At nine o’clock precisely, as Adam was still trying to grasp the concept of breathing from his abdomen—which made no sense
to him, when everyone knew your breath went in and out of your lungs—the door was pushed open and Vivienne’s mother, whom
he hadn’t noticed leaving the garden, walked in with a small tray that held a glass of milk and a plate of biscuits.
“Break,” Vivienne said, taking the tray. No attempt at introductions was made. The older woman didn’t look in his direction.
Adam got to his feet and put out his hand as the woman turned to go. “Adam O’Connor,” he said clearly. “Delighted to meet
you, Mrs. O’Toole.”
For a second he thought she was going to ignore him and keep going, but after the briefest of pauses she offered him her hand.
“We’re not used to catering for adults,” she said flatly. “I only have Jammie Dodgers.”
“They’ll do fine,” Adam assured her, trying to remember the last time he’d been presented with a plate of childrens’ biscuits.
“I wasn’t expecting anything at all.”
She looked scandalized. “We always do a break,” she told him. “The children find the hour too long.”

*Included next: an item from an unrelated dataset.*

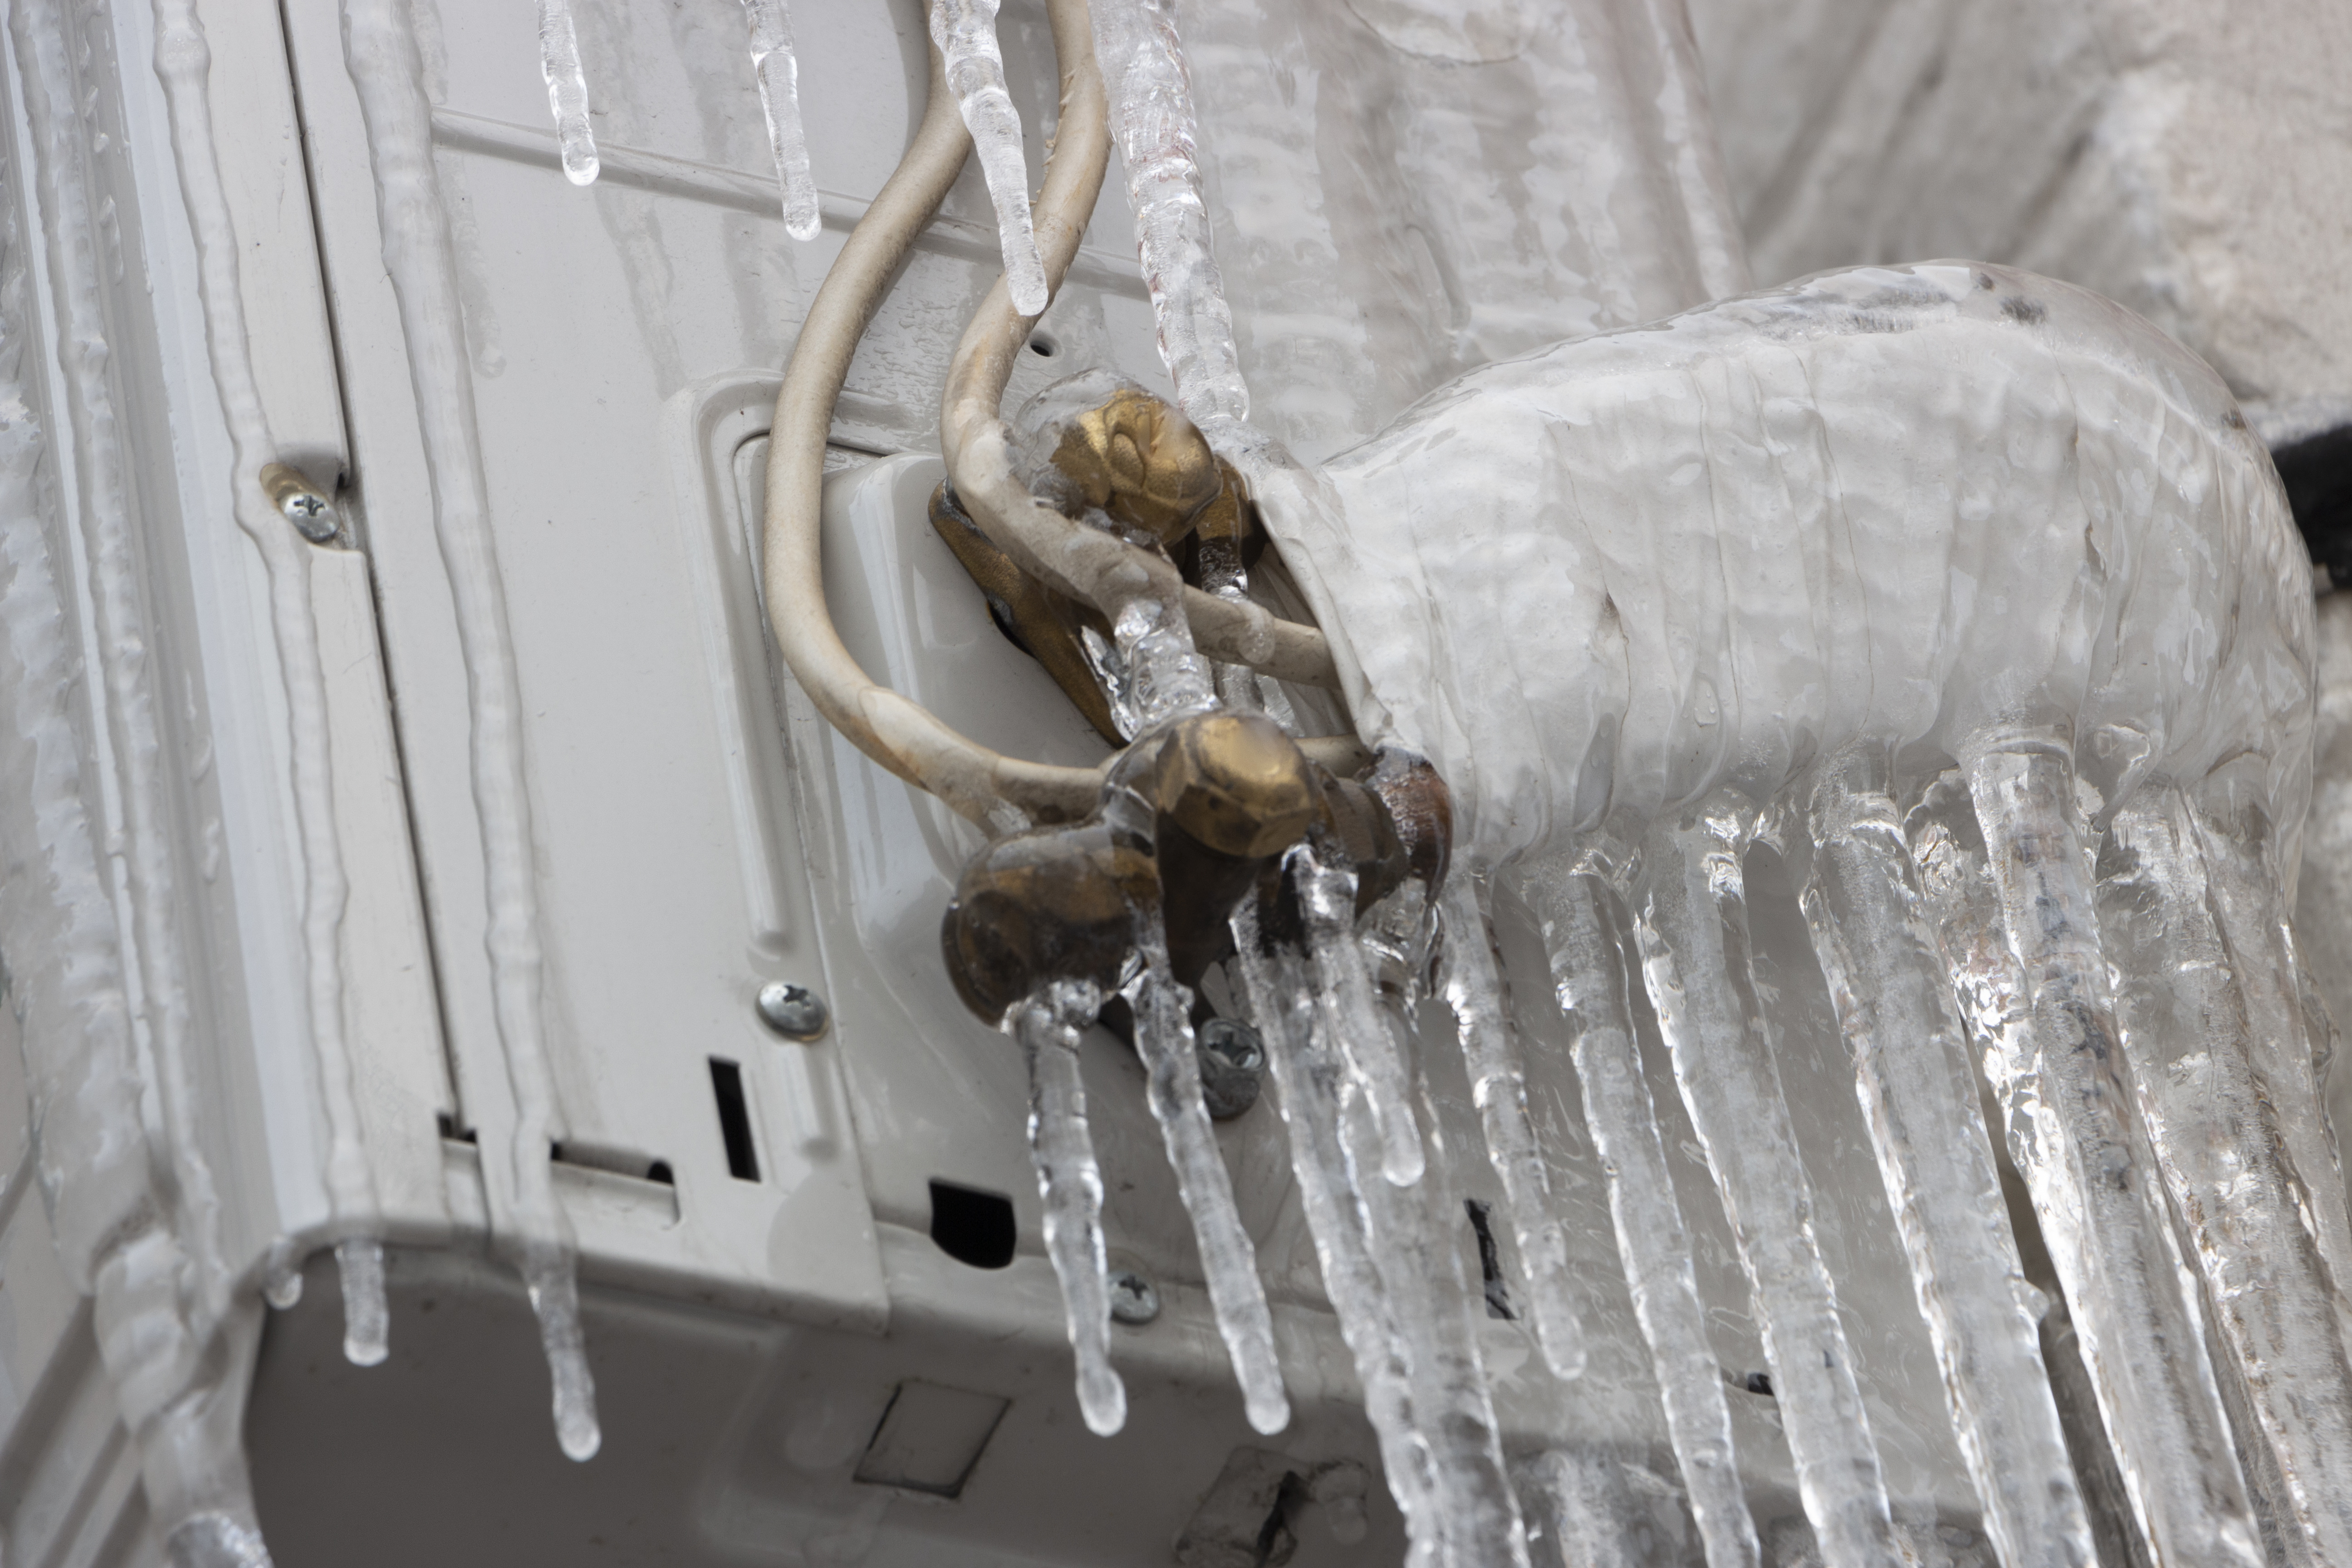 frozen air conditioner

“I can understand that,” Adam said gravely. “Thanks very much.”
She left the room without another word. Adam turned back to Vivienne, who had set the tray on the windowsill. She held the
glass of milk out to him. He took it and accepted a Jammie Dodger when it was offered. “Thanks.”
He never drank milk, apart from a drop in tea or coffee—it affected his sinuses—but he suspected that a refusal would cause
more discomfiture. He wondered if he could find a way to give it to the cat, who was watching the proceedings intently from
above. Vivienne hadn’t taken a biscuit; it looked as if the three Jammie Dodgers were all his.
He decided to give conversation another try. “Have you been teaching music for long?”
“Eight years,” she answered. “You’ll need to practice your abdominal breathing at home, every morning and evening. It’ll take
the strain out of playing the notes.” As usual she didn’t meet his eyes; her gaze seemed to be focused now on his left ear.
“I will,” he promised. “And how long have you been playing the piano yourself?”
She shifted on her bench. Personal questions were clearly a problem. “Eighteen years,” she said, examining a speck on her
cardigan sleeve.
“Wow, that’s—”
“Twelve years the clarinet and oboe,” she went on, as if he hadn’t spoken. “Eleven years the violin. Six years the saxophone.”
Adam looked at her in amazement. “You play all those instruments?”
Vivienne nodded and looked pointedly at his glass, and Adam drained it—no hope at all of palming it off—and finished his biscuit.
“Now,” she said, turning back to the music stand, and Adam brushed Jammie Dodger crumbs from his shirt and lifted the clarinet
again.
“Mam?”
“Hello, dear. Everything all right?”
Hannah smiled. Her mother’s first question whenever she phoned her, maybe every mother’s first question.
“Everything’s fine…I just thought you might like to know that I met John Wyatt for coffee the other day.”
Foolhardy, really, putting her mother in the picture so soon. Nothing might come of it; she might be ringing again in a few
weeks to say it was all over. But Geraldine needed some good news. They all needed something positive to focus on.
“Oh, love, I’m delighted to hear that, I really am—he seemed so nice that day in the shop. So he called back?”